Take, for example, the threesome of white men who won a gold Loerie for a calendar they created for the Slave Lodge in Cape Town. To commemorate South Africa’s slave history, they photographed, quite beautifully, descendants of slaves who, on their arrival in Cape Town in the 17th century, were stripped of their original surnames and renamed according to the months in which they arrived. In the award-winning calendar, January to December were elucidated with the faces of the coloured people who still carry those surnames. The idea itself wasn’t distasteful. The problem with subtle capturing of narratives by one group, critics urged, is that they end up telling everybody’s story from their point of view, making for a limited and often inaccurate point of view and, consequently, portrayal.

“You might find that there are more women employed in the industry, but there aren’t enough of them in decision-making positions at these agencies. And the same can be said for black people,” said Khaya Dlanga, whose younger, untrained brother won a gold Loerie and a Grand Prix award for the first ad he ever made when he was an intern at Black River Football Club.
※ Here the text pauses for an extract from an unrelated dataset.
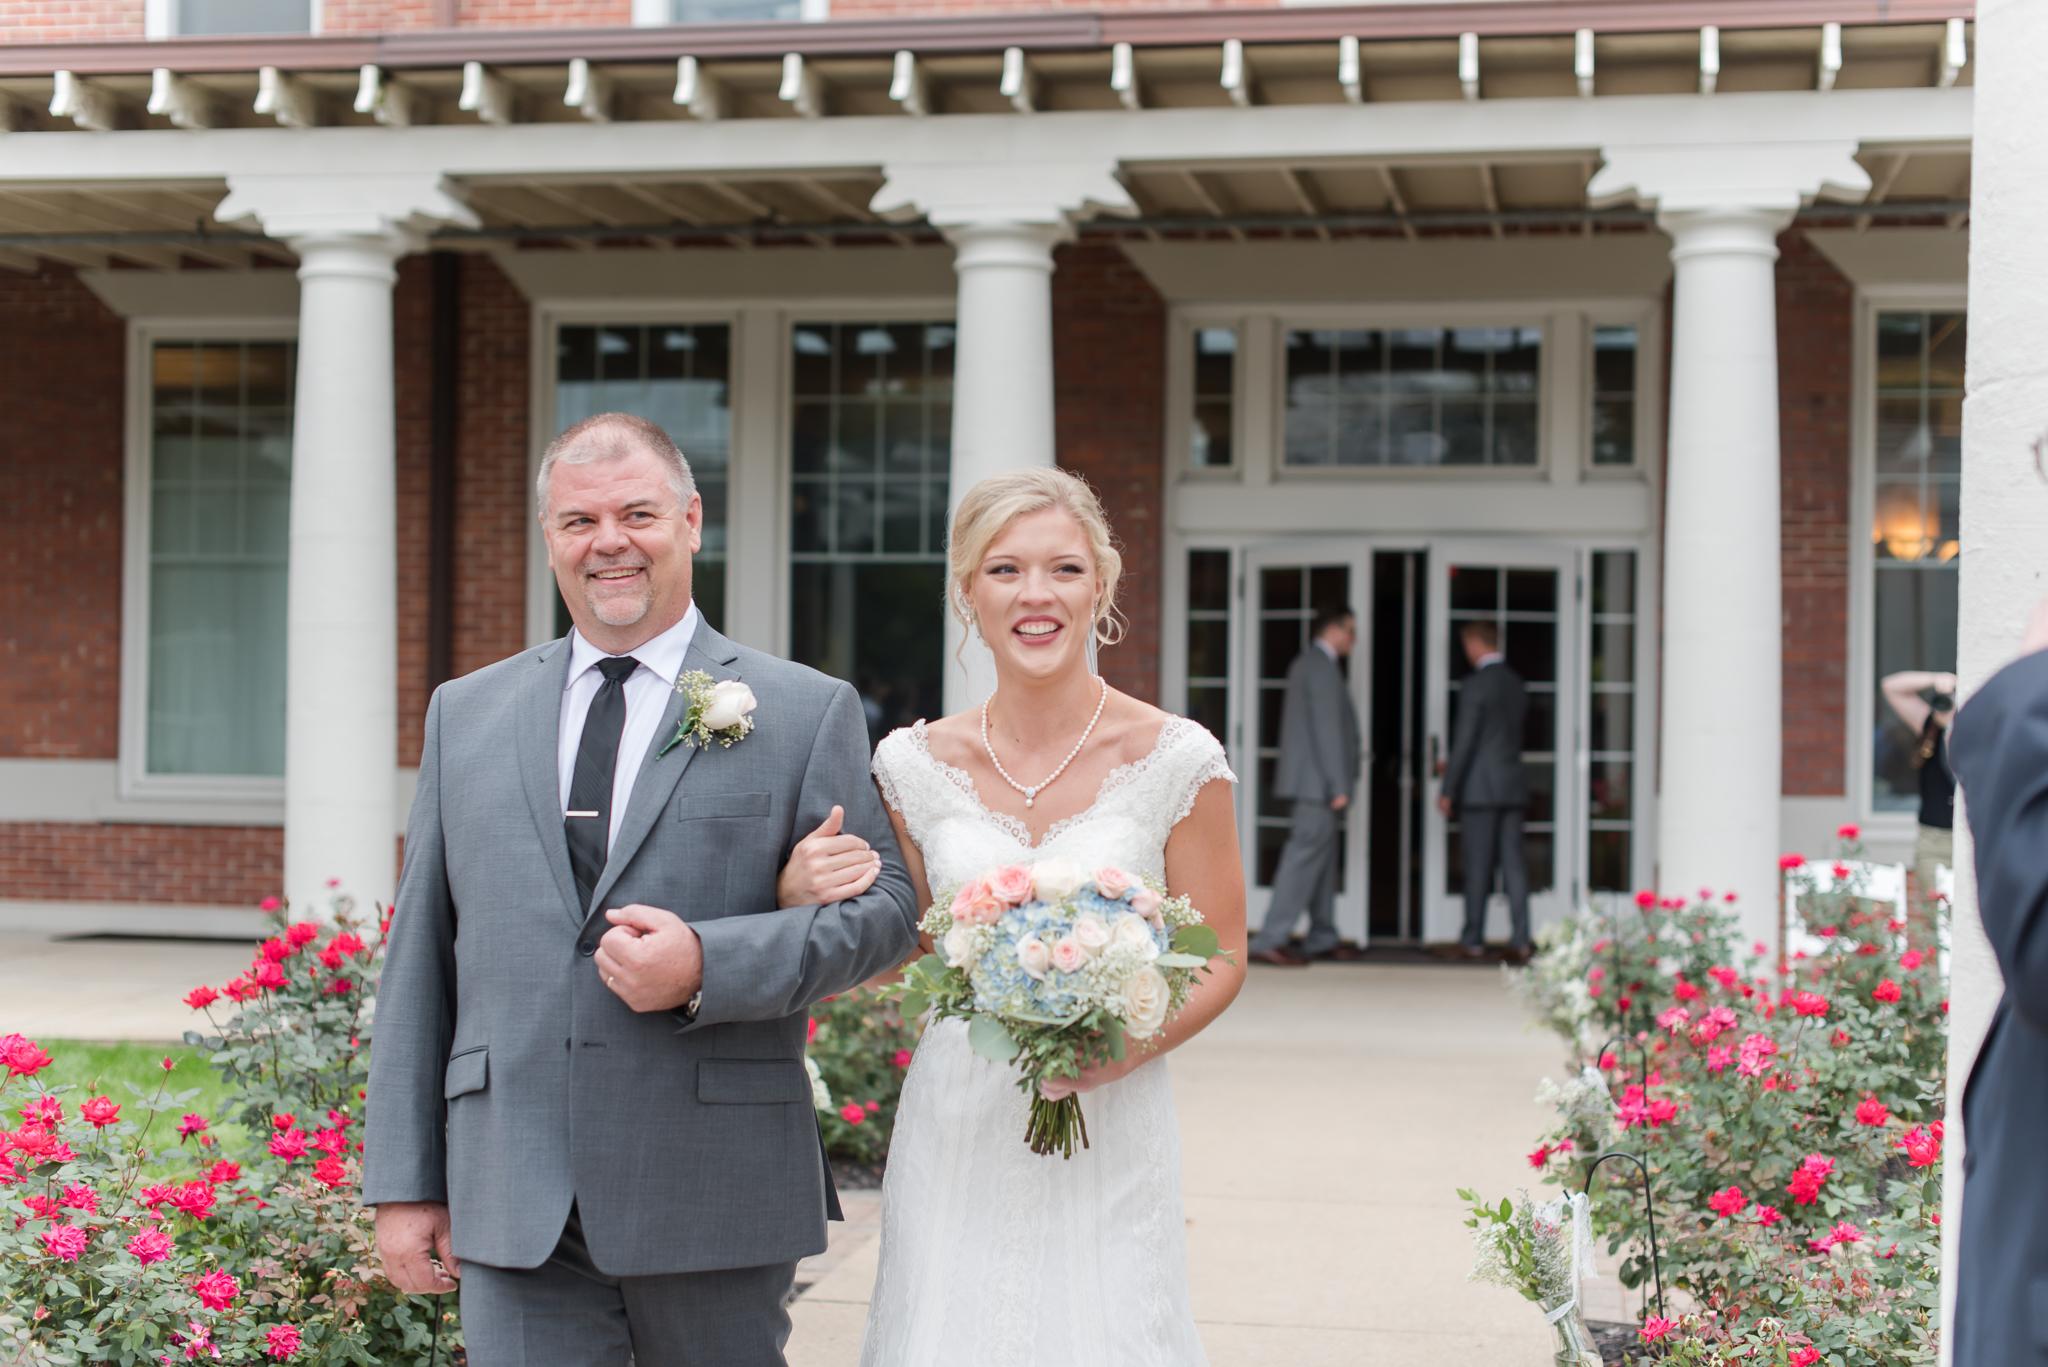 Westminister Hall Wedding Winona Lake Indiana9543.jpg

“If the industry was transformed, we wouldn’t still be talking about the portrayal of women [as sex objects, happy mamas or ditsy poppies] and black people [as perpetual dancers for airtime, chicken or bread or speaking in exaggerated and caricatured voices]’’ said Dlanga. The younger Dlanga’s Grand Prix (one of only four that year) served as an example of how many winning ideas are locked out by limited access to the industry. At the time of winning the Grand Prix award, he did not have a full-time job.

Back to the future
So how did the industry eventually transform itself? In addition to having strong female voices such as chairperson Suhana Gordhan, they started asking for advice from industry stakeholders.

Insiders such as Between 10and5 founder Uno de Waal had ideas as simple as ‘’introducing policies mandated by ad agency management to ensure that diverse teams come up with ideas for adverts, not homogenous groups of white men. Relevant ideas don’t come from homogenous groups,” he said.

He called for the re-evaluation of the industry echo chambers where, during industry events, the same people were talking to each other.

So tonight, in the future as they imagined it back then, the industry is practically unrecognisable. There are even wheelchair ramps to get on to the stage. The profit margins have exploded because of all the clients the agencies have across the continent and the world. There are prime-time isiZulu and Mandarin ads.

Boardrooms, which have become playrooms, have become democratised by the various pairings of people who might never have interfaced in the past because of access. The measure of what makes a good idea in this transformed industry is different. Good ideas aren’t tethered to race or gender but by access to spaces that allow creativity to flourish.

Milisuthando Bongela’s trip to the 2016 Loeries was sponsored by the Loeries.